Les informations recueillies par une équipe d’enquêteurs des droits de l’homme des Nations Unies, suggèrent que certains abus et violations commis dans le Kasaï pourraient constituer des crimes au regard du droit international.
L’équipe de l’ONU a été en mesure de confirmer que quelque 251 personnes, parmi lesquelles 62 enfants, dont 30 âgés de moins de 8 ans, ont été victimes d’exécutions extrajudiciaires et d’assassinats ciblés. Les faits se sont déroulés entre le 12 mars et le 19 juin 2017. La Mission des Nations Unies en RDC (MONUSCO) a pour sa part recensé au moins 80 charniers dans la région.

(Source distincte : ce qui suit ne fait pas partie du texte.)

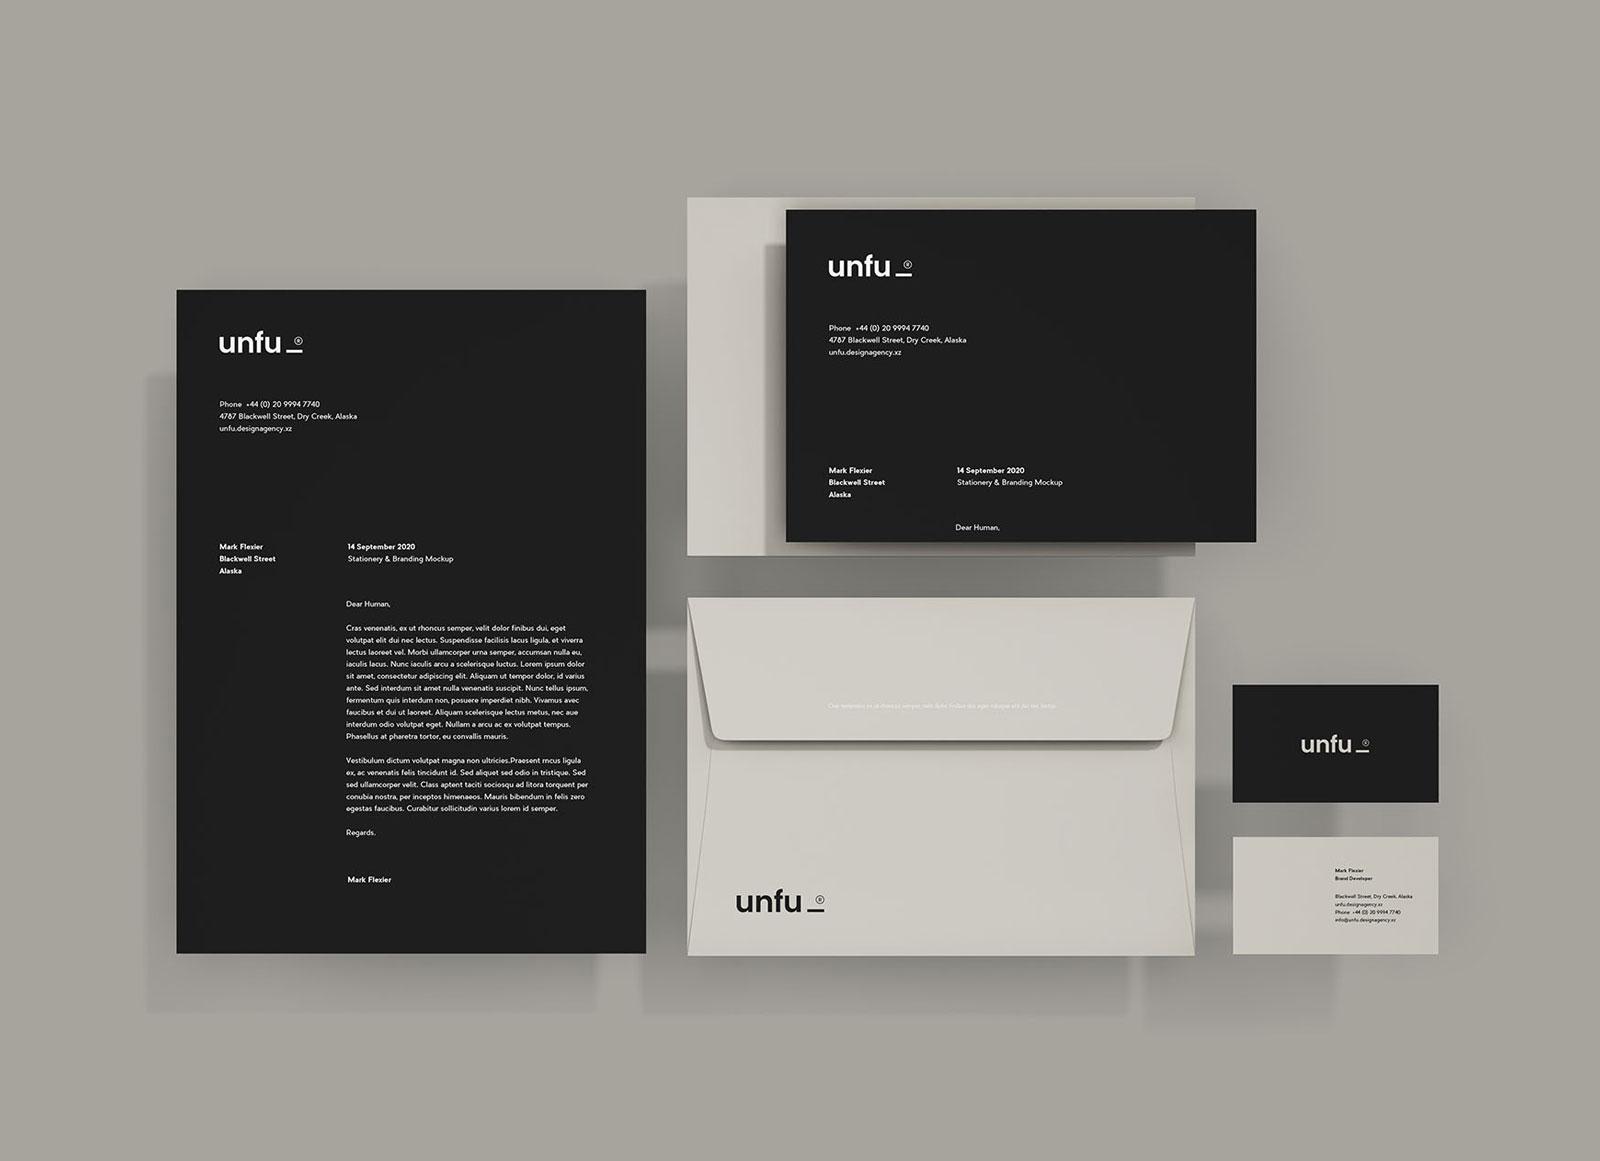 Free-Simple-Branding-Stationery-Mockup-PSD-2

Les combats entre la milice Kamuina Nsapu et le gouvernement ont commencé en août 2016. L’équipe de l’ONU a pu confirmer qu’une autre milice, appelée Bana Mura, avait été formée vers mars 2017 par des personnes appartenant aux groupes ethniques Tshokwe, Pende et Tetela.

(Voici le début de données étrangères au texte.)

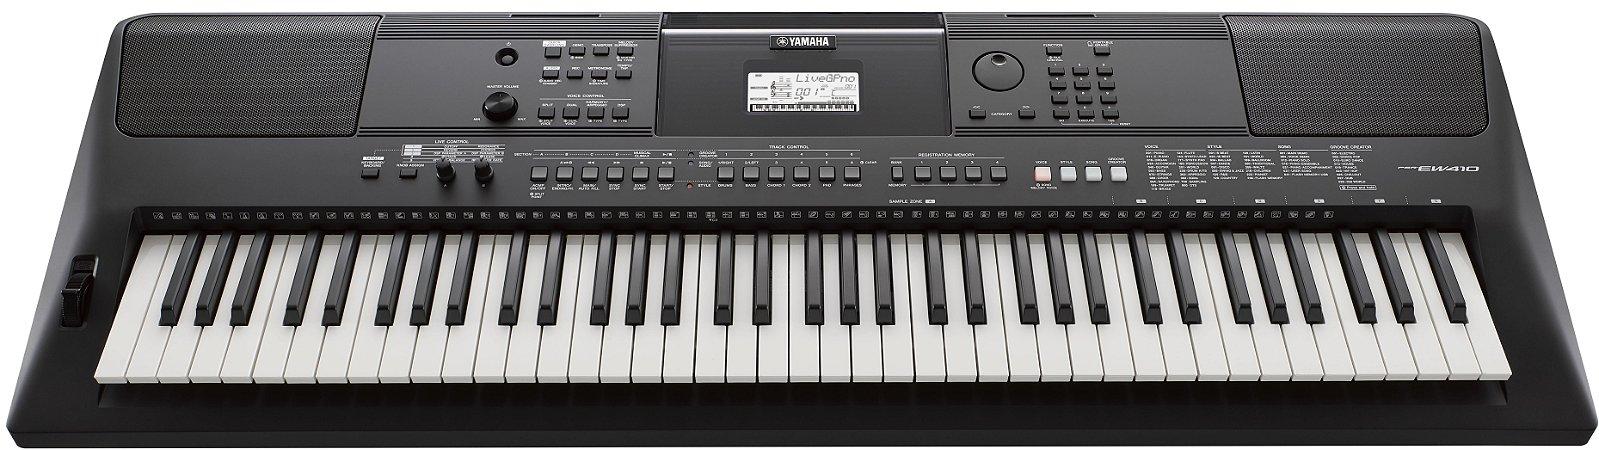 Teclado Arranjador Yamaha PSR EW410 USB 76 Teclas

Les Bana Mura auraient été armés et soutenus par les chefs traditionnels locaux et des agents des forces de l’ordre de l’armée et de la police, pour attaquer les communautés Luba et Lulua accusées de complicité avec les Kamuina Nsapu.
Selon le rapport, «les Bana Mura aurait initié une campagne visant à éliminer l’ensemble de la population Luba et Lulua dans les villages pris d’assaut». Dans bon nombre des incidents signalés à l’équipe, des soldats des Forces armées de la RDC (FARDC) étaient à la tête des groupes de la milice Bana Mura lorsque les villages ont été assaillis.
Le rapport se fonde sur des entretiens menés avec 96 personnes qui ont fui vers l’Angola voisin pour échapper aux violences en cours dans le territoire de Kamonia, au Kasaï. L’équipe d’enquêteurs a rencontré des personnes gravement blessées ou mutilées. Deux des personnes interrogées sont décédées des suites de leurs blessures.
Bon nombre de témoins et victimes parmi les Luba et les Lulua ont déclaré que la milice Bana Mura avait mené des attaques apparemment bien planifiées sur plusieurs villages du territoire de Kamonia en avril et en mai dernier. Les personnes interrogées ont indiqué que les forces de l’ordre locales et d’autres agents de l’Etat ont activement fomenté, alimenté et parfois même dirigé les attaques sur la base de l’appartenance ethnique.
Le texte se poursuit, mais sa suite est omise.